“Pricing momentum in the Aggregates business continued with each of our product lines reporting growth. Importantly, for the third quarter in a row, each of our reportable segments achieved pricing improvement in the aggregates product line, enabling us to achieve an overall increase of 2.3%. Our vertically integrated businesses also achieved pricing growth, with the ready mixed concrete and asphalt product lines reporting increases of 7.0% and 1.6%, respectively.
“We were pleased to leverage our sales growth into a 70-basis-point expansion of consolidated gross margin (excluding freight and delivery revenues). In fact, we achieved gross margin improvement in each of our Aggregates business’ three reportable segments, with the Southeast and West Groups each reporting a 200-basis-point expansion.

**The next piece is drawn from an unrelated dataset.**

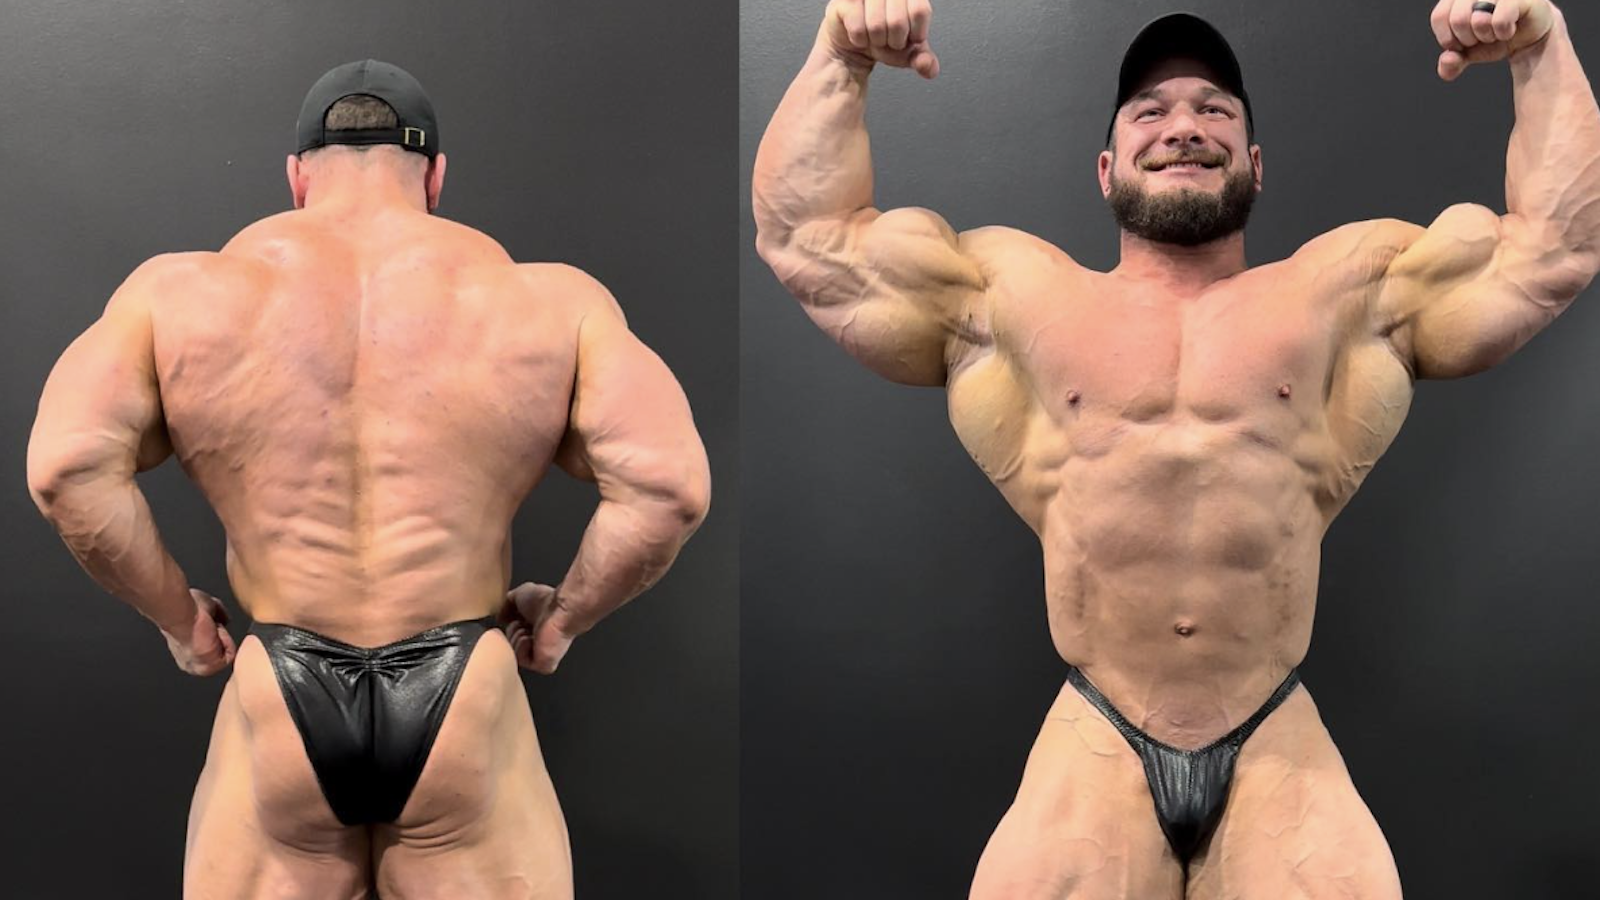 Chris Cormier, Olympia Judge Assess Hadi Choopan's & Derek Lunsford's Back  Poses Weeks from 2023 Olympia – Fitness Volt

Growth in the Mid-America Group was led by the Mid-Atlantic Division, which once again leveraged an increase in aggregates shipments into an incremental gross margin (excluding freight and delivery revenues) exceeding our publicly stated expectations.
“SG&A expenses were 6.2% of net sales, a 20-basis-point increase compared with the prior-year quarter. On an absolute basis, SG&A expenses increased $5.0 million, in part due to higher pension and an information systems upgrade we successfully completed in October. Our implementation team did an outstanding job on this multi-year project while maintaining disciplined focus on their recurring responsibilities.
“In July, we completed an acquisition of three aggregates quarries in the greater Atlanta, Georgia, area. This transaction added over 800 million tons of permitted aggregates reserves, which enhances our long-term position in this market. The integration of these locations is complete, and we look forward to the contributions from these quarries.“Specialty Products continued its strong performance and generated record third-quarter net sales of $55.8 million, a 13% increase over the prior-year quarter. Sales growth was attributable to the dolomitic lime product line, reflecting the contribution from the Woodville kiln that became operational during the fourth quarter of 2012. While margins were negatively affected by a planned kiln outage for maintenance and higher coal costs, the business generated a third-quarter record $17.3 million in earnings from operations.